The Sikander stand off... By Hassam
19 August, 2013
Just after celebrating Independence Day on the eve of August 15, 2013, Islamabad, the capital city, faced a horrifying example of security lapse and administrative failure. A man named Sikandar entered the Blue Area of the capital and started firing with machine guns. The capital police reached the spot and cordoned off the whole area; meanwhile the electronic media reached and started to cover the incident. At that particular point in time, it seemed as if we only have one issue left in Pakistan: Mr Sikander and his rampage in Islamabad. This show lasted for almost five hours, until the foolish act of 'bravery' by PPP leader Zamurad Khan where he tackled the gunman and ended the spectacle. Some serious questions have arisen after this incident.
First of all, the security condition of the capital has been questioned again: why have so many check posts when an incident like this can occur with such ease? Another important point is the working capacity of the security forces, especially the police. What will happen if 50 plus Taliban militants enter the territory of the capital in the middle of the night? The role of the media is also questionable; around the world, the media follows breaking news but, after telecasting it once, they do not telecast it again and again. In just a couple of hours it seemed as if the only news left in Pakistan was that of Sikander. Last, but not least, the role of the 'hero', Mr Zamurad Khan, is appreciable but also questionable: why did he not follow the instructions of the police officers who stopped him from talking to Sikander?
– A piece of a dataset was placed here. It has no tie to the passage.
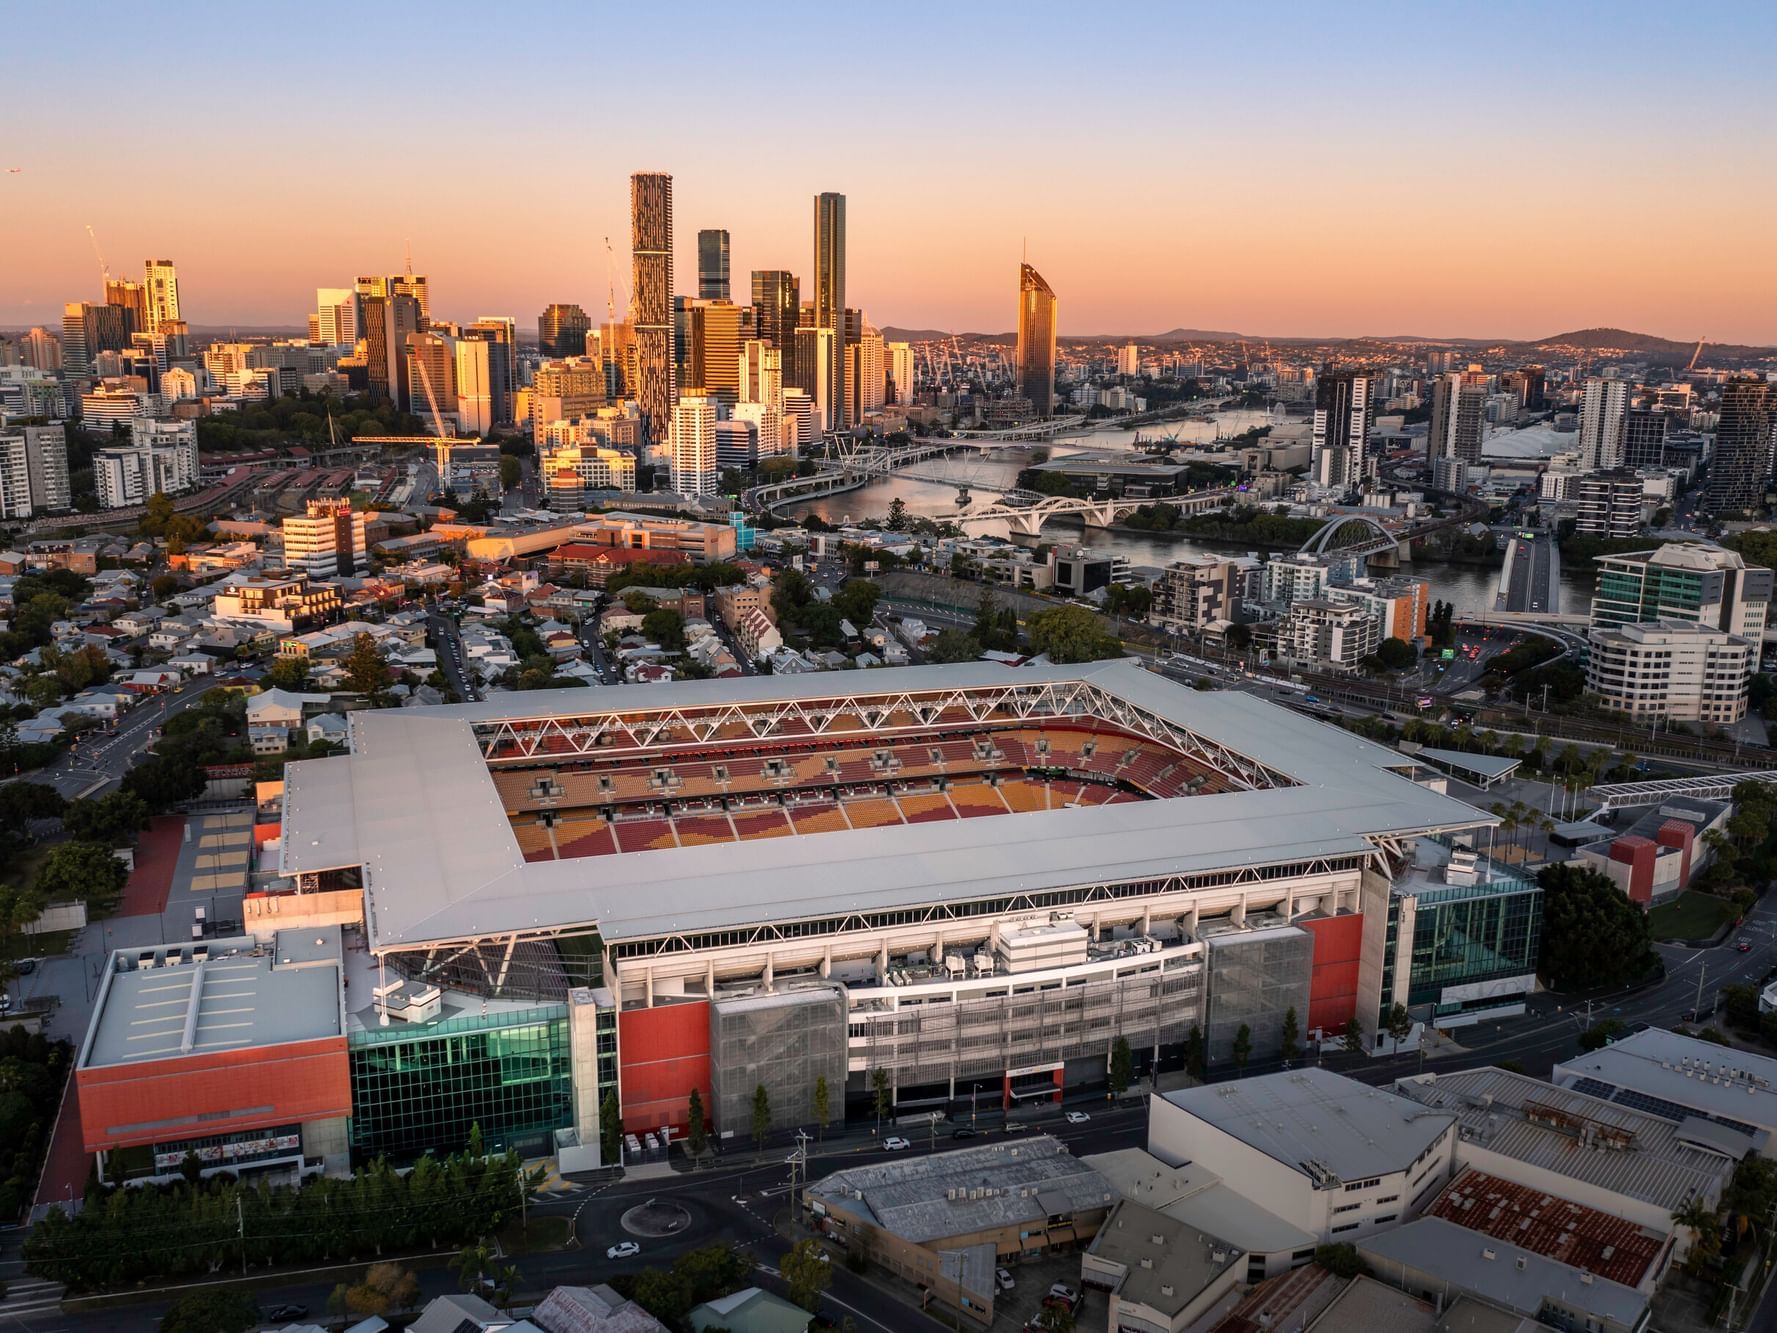 Aerial view of Suncorp Stadium in evening near Amora Hotel
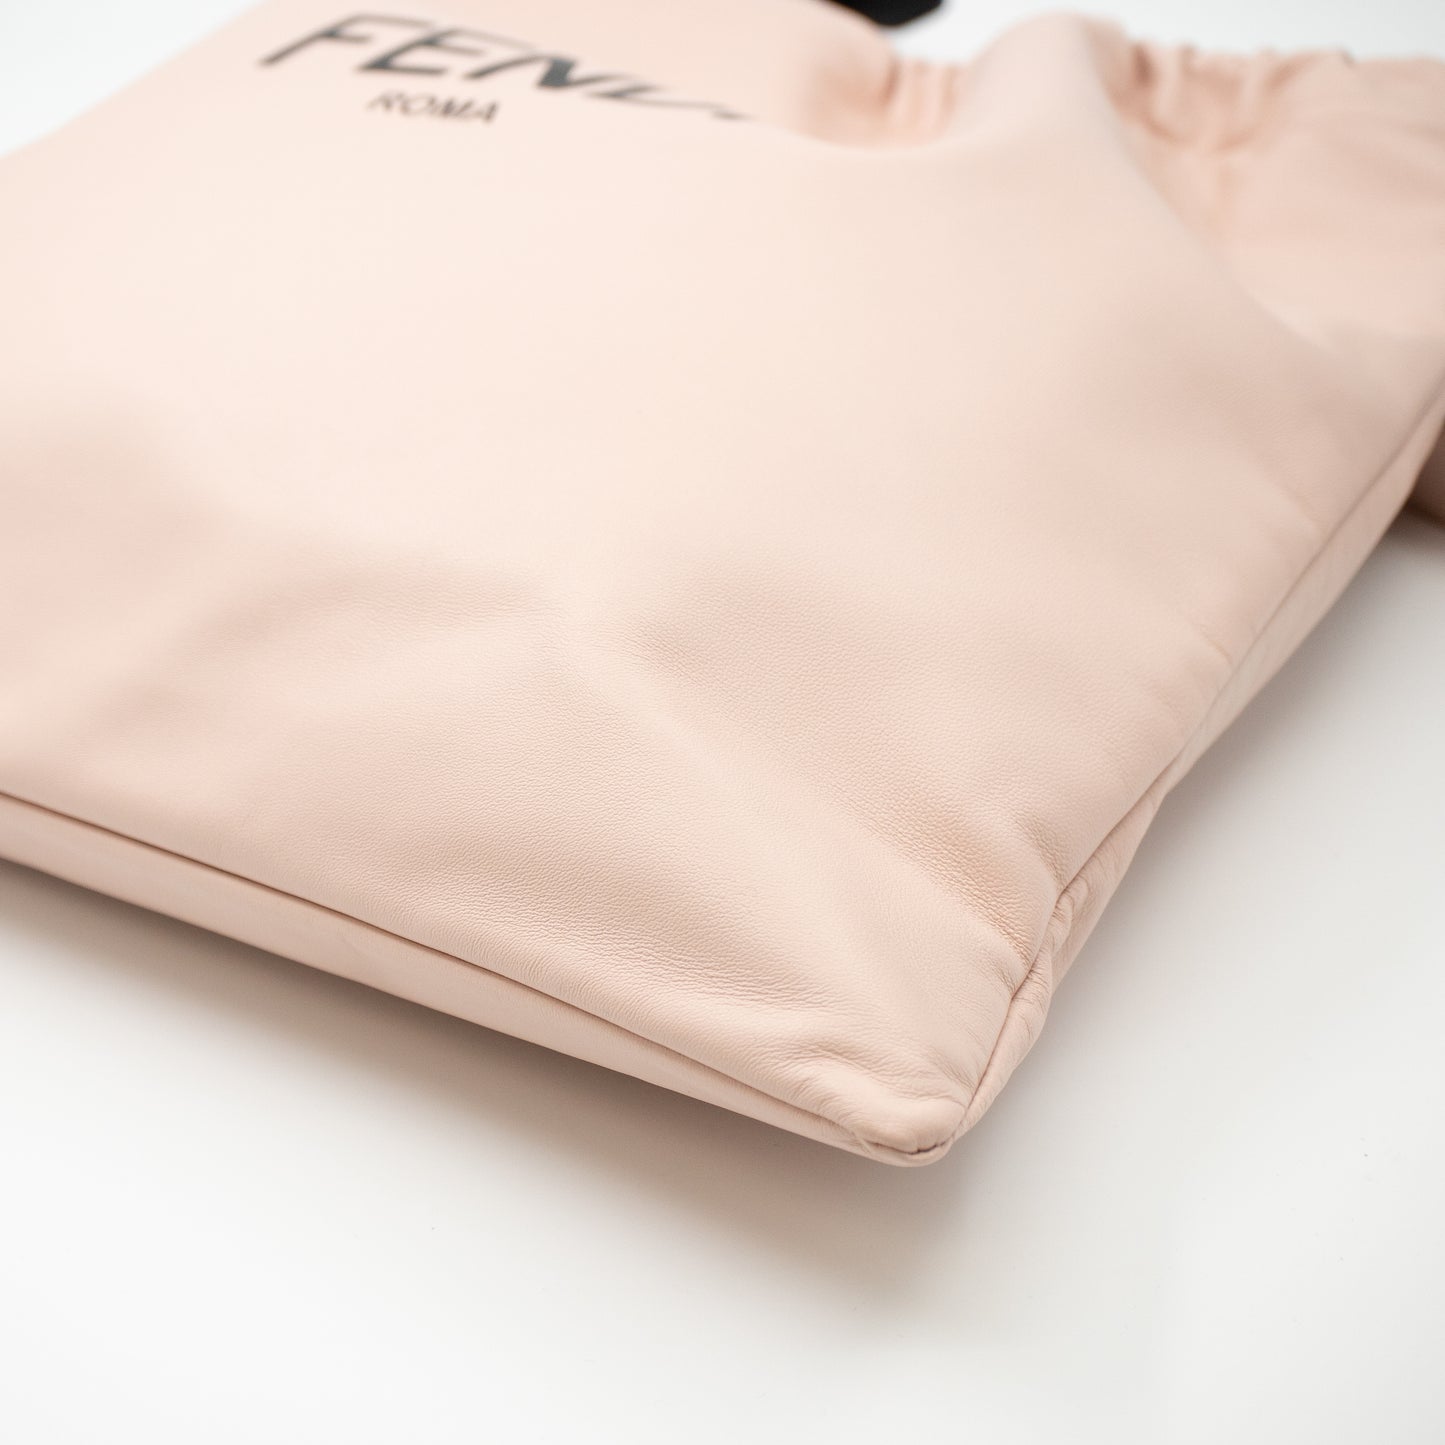 Fendi Pack Pouch Medium Light Pink Leather

This incident is a pure example of administrative and security failure. A man entered the capital firing heavy weapons, the police negotiated with him and they came out looking bad because they do not have the training required to deal with such a situation — all this when Pakistan is a front line state in the war on terror. The Islamabad police should act as an exemplary security force for the whole country. We should remember that, if the Islamabad police cannot handle one man, then we should not expect the Dera Ismail Khan police to fight against the Taliban either. As a nation, it is time to decide what we want: a Pakistan where every institution is working within its own limits or a country where a politician is needed to rescue the police from a mad psycho who captures a main road in Islamabad for more than five hours?